You mentioned the systemic nature of discrimination. Can you tell us more?

Vicki Schultz, a professor at Yale University School of Law, shows in her studies that sexual harassment is often not simply the result of an individual relationship. It can be, in some occupational sectors, an instrument of domination at work that increases the gender wage gap and opportunities for promotion of the under-represented sex group. She notes that, as the number of women increases in a service or a professional activity, the incidence of sexual harassment may decrease. Sometimes the phenomenon of sexist behaviour can be part of the corporate culture.

In that respect, it should be understood that sexual harassment, seen as discrimination, often signals an organisation’s atmosphere where there may exist, for example, a gender-based employment segregation and sometimes a glass ceiling maintained in part because of practices of sexual harassment in the sense of “repeatedly imposing on a person comments or behaviour with a sexual or sexist connotation which either undermines his/her dignity because of their degrading or humiliating character, or creates against him/her an intimidating, hostile or offensive situation” (article L 1153-1 of the French Labour Code).

Can organisations prevent sexual harassment and gender-based violence?

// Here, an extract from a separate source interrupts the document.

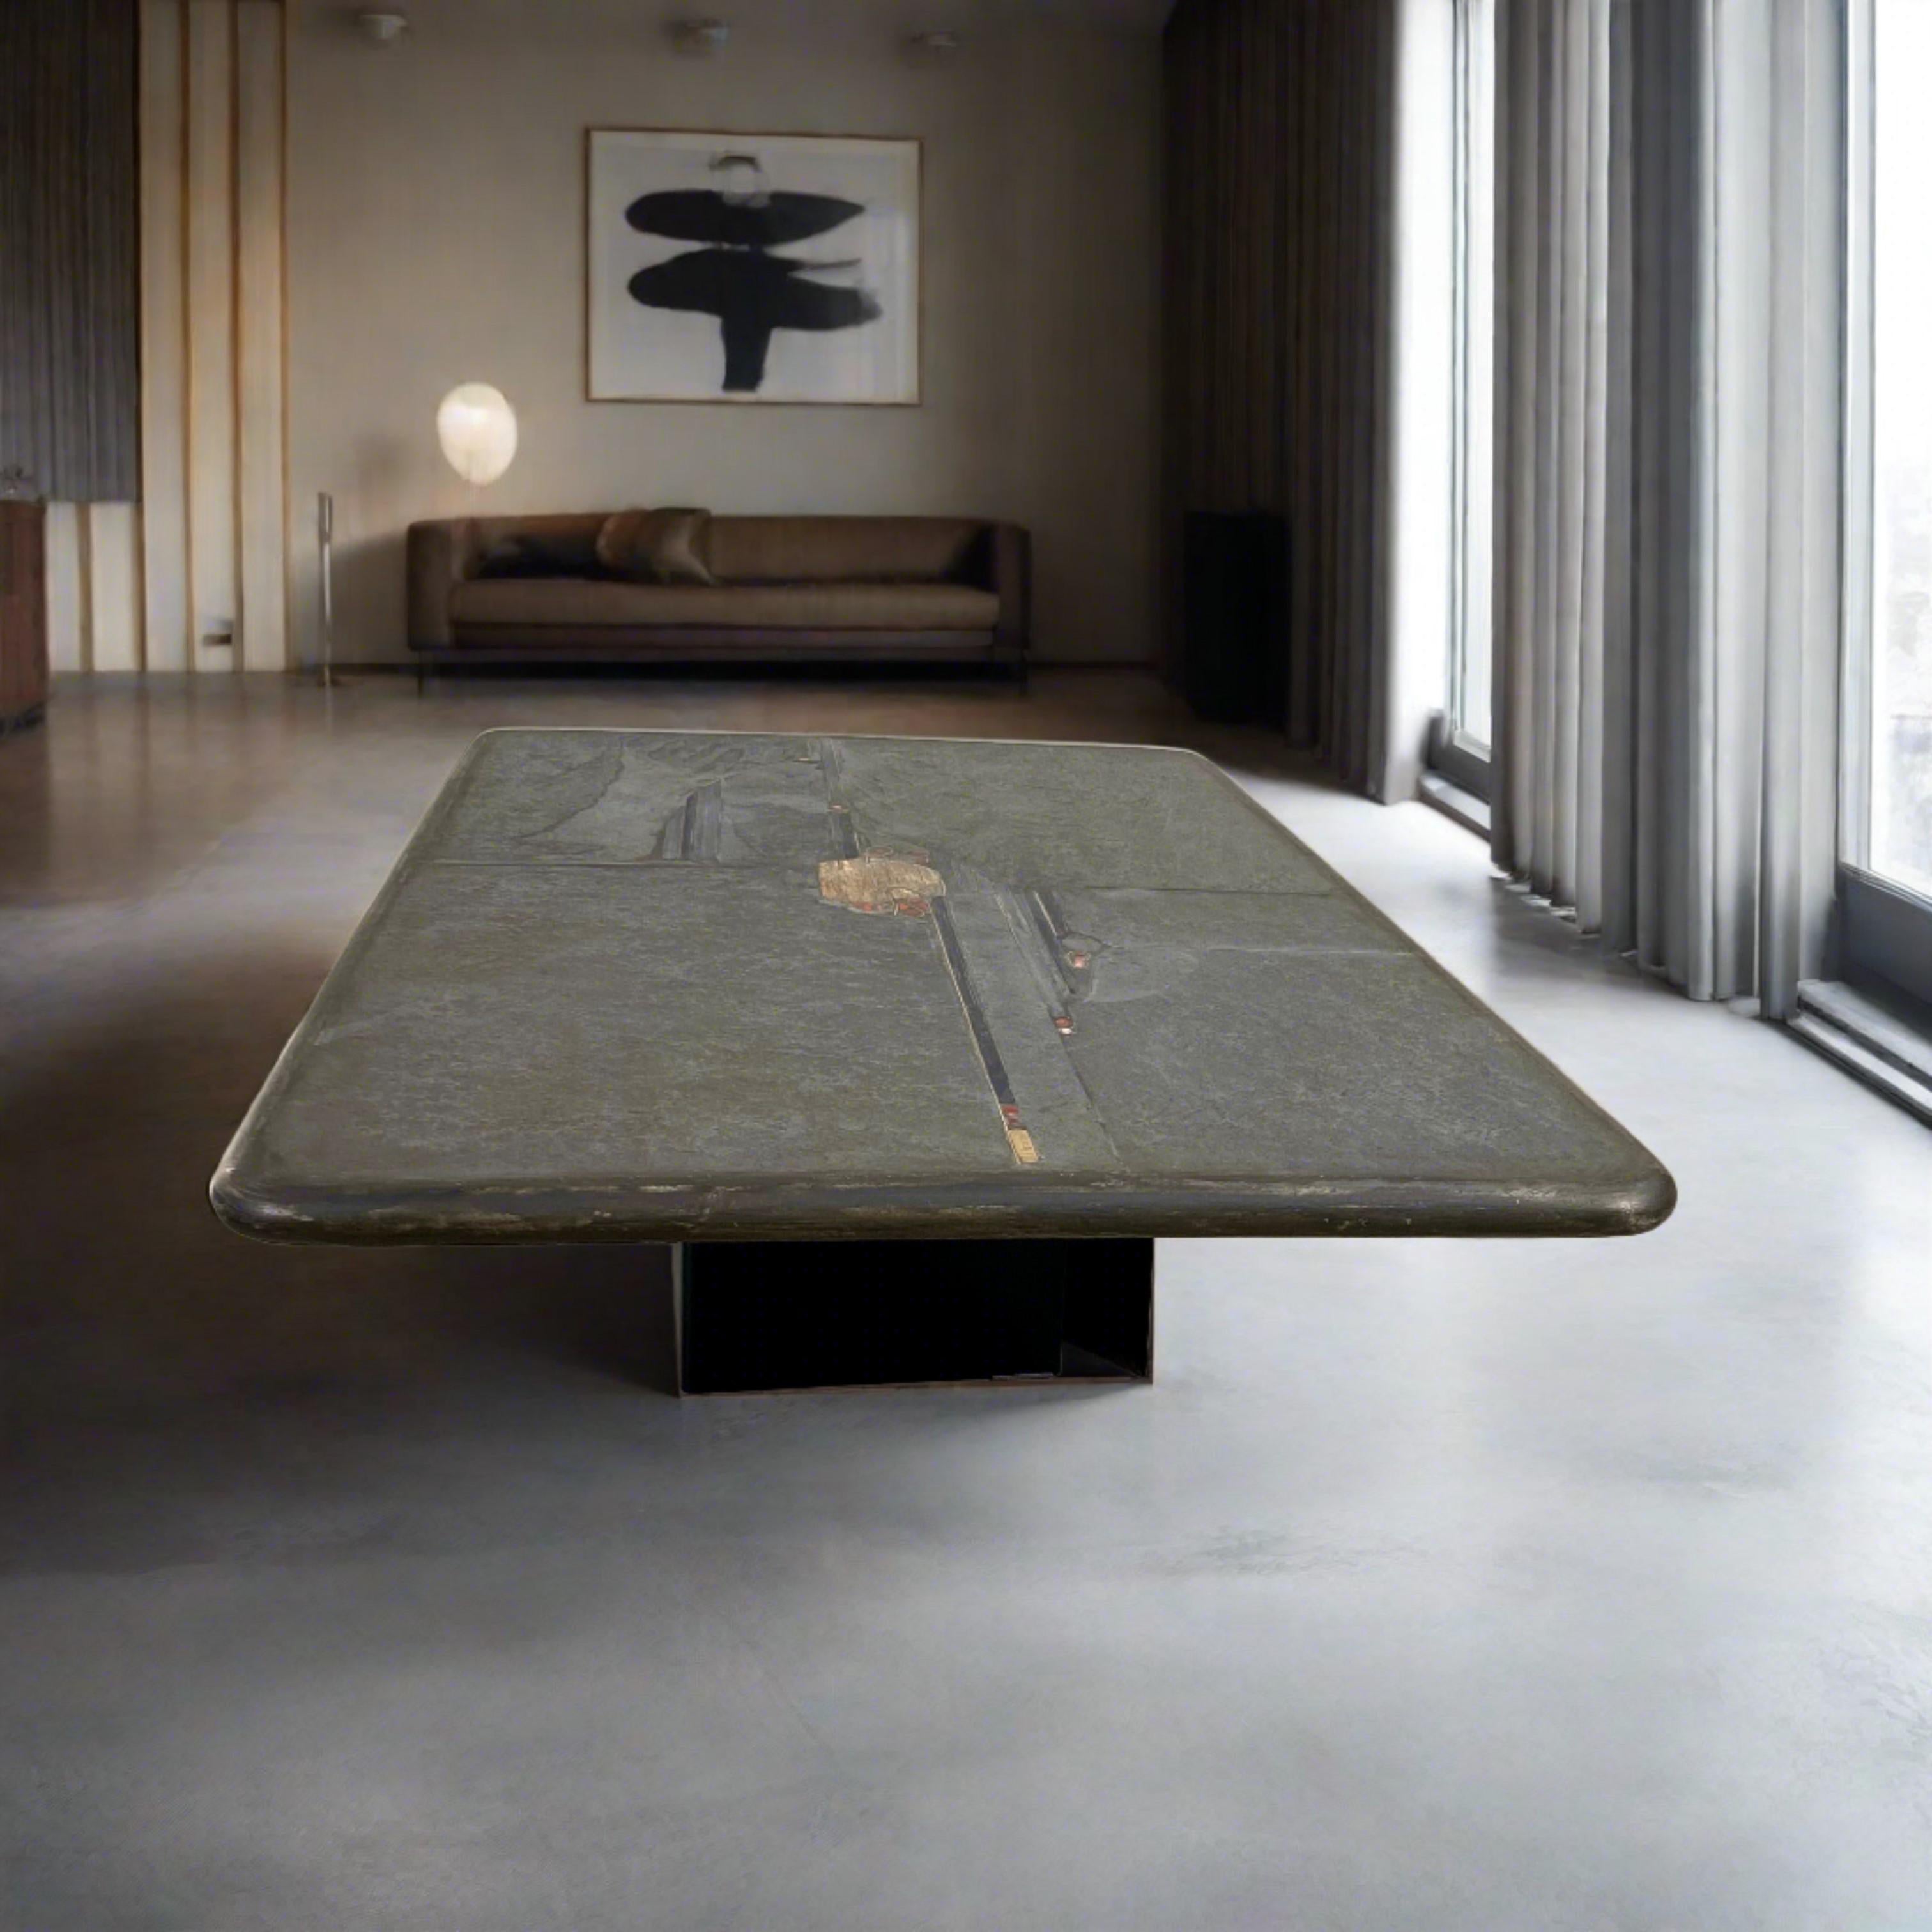 Table basse brutaliste conçue et réalisée par le sculpteur Paul Kingma († 2013), Pays-Bas 1996.

Voici la table basse ronde brutaliste du célèbre sculpteur Paul Kingma, fabriquée aux Pays-Bas en 1996. Cette pièce emblématique témoigne de

Yes. Organisations have an obligation to prevent sexual harassment, discrimination, and gender-based violence. As an employer, they have an obligation of safety towards their employees. Since the law of August 8, 2016, in addition to violence, sexist acts are part of the risks that employers must take into account when planning preventive measures to  thwart occupational risks (article 4121-2 of the Labour Code). This concretely means that the inaction of any organisation, whatever its nature, in the face of rumours or anonymous letters is reprehensible. Any act of retaliation in the face of a denunciation is a fortiori prohibited. Actions should be implemented to raise awareness and train employees on this issue. Also a whistleblowing or complaint mechanism should be in place in the event of verbal or non-verbal sexist practices. The intervention of an external body is advisable. Prevention is simply the best guarantee to ensure a healthy training or work environment. Any internal investigation following a complaint must ensure both the safety of the victim and due process rights for the alleged perpetrator.

What about universities?

In France, already in 2018, the Minister of Higher Education and the Secretary of State in charge of Equality between Women and Men launched an awareness raising campaign on sexual and gender-based violence in higher education. The idea was to create, within each university, a monitoring unit allowing all victims, all survivors, to be supported.

Other countries, particularly in Latin America, have taken the opportunity to produce spaces for dialogue in universities on these issues. These spaces are built in-house, outside of human resources and management services, with researchers who work on feminist issues and who have participated in the development of internal standards.